Novel Role for Disordered Protein in Coordinating Key Stages of Gene Expression

In a new study published in Cell Reports, researchers at the University of Freiburg detail how a disordered protein fragment connects two key stages of gene expression: transcription and RNA editing.

The protein, TAF2, is part of the general transcription factor TFIID. Within TAF2, an intrinsically disordered region (IDR) acts as a built-in localization signal, directing the protein to specific sites within the cell nucleus.

The study highlights that flexible protein regions like TAF2’s IDR not only influence the spatial organization of molecular processes but can also serve as regulators by targeting specific functions, such as localization to nuclear speckles, a mechanism potentially relevant to disease.

Led by Dr. Tanja Bhuiyan, corresponding author and postdoctoral researcher at the University of Freiburg’s Institute of Experimental and Clinical Pharmacology and Toxicology and the Cluster of Excellence CIBSS – Centre for Integrative Biological Signalling Studies, the study reveals a previously unrecognized regulatory role for a class of protein domains common in nuclear proteins but still poorly understood.

A Flexible Signal That Guides Molecular Coordination

TAF2’s IDR directs the protein to nuclear speckles—liquid-like compartments that concentrate RNA processing components—rather than to active gene promoters, where it functions in transcription initiation. Using a combination of proteomics, genome-wide sequencing, and advanced imaging, the team showed that TAF2 can actively move between different nuclear sites, adopting distinct roles depending on its location.

We found that TAF2 does not just operate at gene promoters as part of the classical TFIID complex. Instead, this flexible region allows it to move between different nuclear compartments, enabling it to interact with RNA-processing machinery and help shape how gene messages are finalised.

Tanja Bhuiyan, Study Corresponding Author and Postdoctoral Researcher, University of Freiburg

The researchers identified three functional pools of nuclear TAF2: one concentrated in nuclear speckles, another in non-canonical complexes with the splicing factor SRRM2, and a third within canonical TFIID complexes near gene promoters. When the IDR was removed, TAF2 failed to localize to nuclear speckles and instead accumulated more at gene promoters.

Interestingly, this shift, linked to alternative splicing, a process that enables cells to produce different proteins from the same gene, did not significantly alter global gene expression.
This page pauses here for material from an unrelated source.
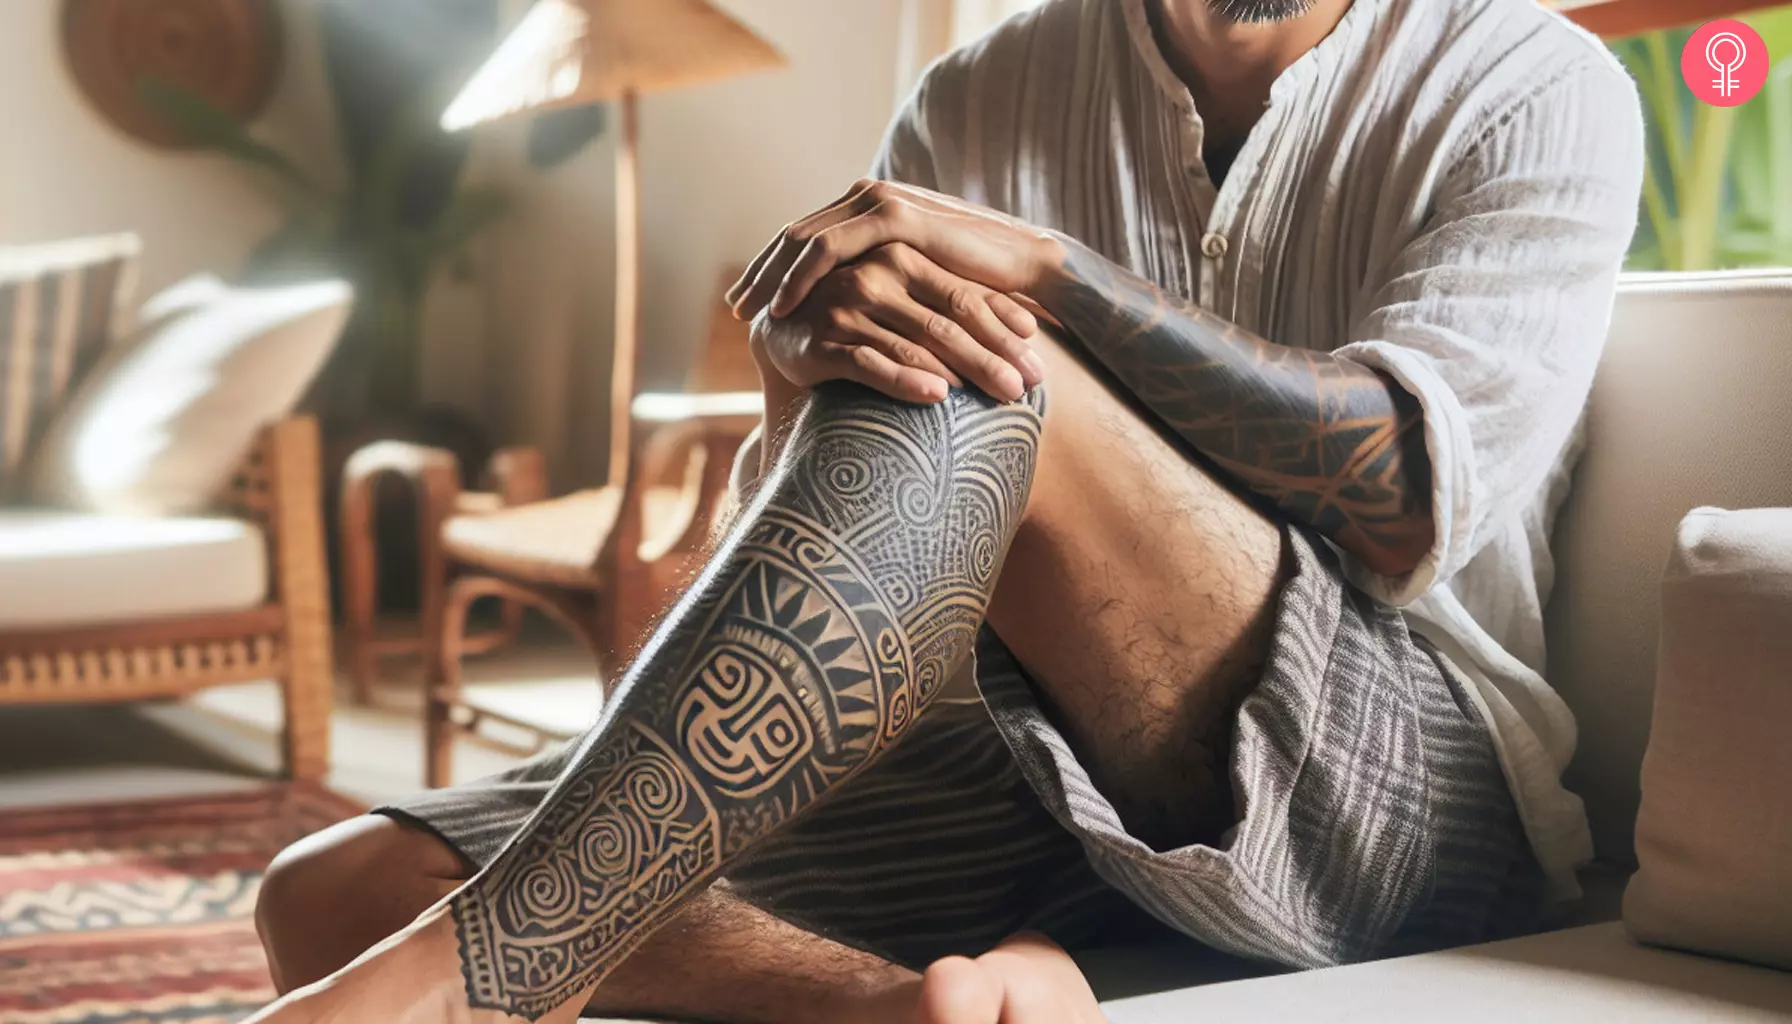 A Mayan tribal tattoo on a man’s leg

However, it did affect how certain RNA transcripts were processed.

From Structure to Impact: Linking Transcription to RNA Editing

This suggests that the spatial routing of TAF2 does not switch genes on or off in a binary way. It rather modulates how information is processed at the RNA level, a more subtle but potentially powerful form of gene regulation.

Dr. Sebastian Arnold, Study Last Author and Professor, University of Freiburg

Arnold is also a Group Leader at the Institute of Experimental and Clinical Pharmacology and Toxicology at the University of Freiburg and at the CIBSS – Centre for Integrative Biological Signalling Studies.

These findings enhance our understanding of how cells coordinate complex molecular processes in both space and time. Many regulatory pathways depend not only on linear signaling cascades but also on dynamic spatial compartmentalization and molecular flexibility. The study highlights the growing importance of IDRs.

Once thought to be structurally ambiguous, IDRs are now recognized as key elements in the formation of biomolecular condensates and in regulating functional specificity. TAF2’s IDR contains a conserved sequence rich in histidine and lysine residues, supporting the idea that phase separation–driven targeting to nuclear speckles may represent a broader principle in gene regulation.

While the study did not directly examine disease mechanisms, several alternative splicing events influenced by TAF2 involved genes linked to neurodevelopment and membrane transport. These results suggest that TAF2’s spatial dynamics may have wider biological relevance. Future research may explore how this regulatory mechanism affects cell identity, stress responses, and disease processes.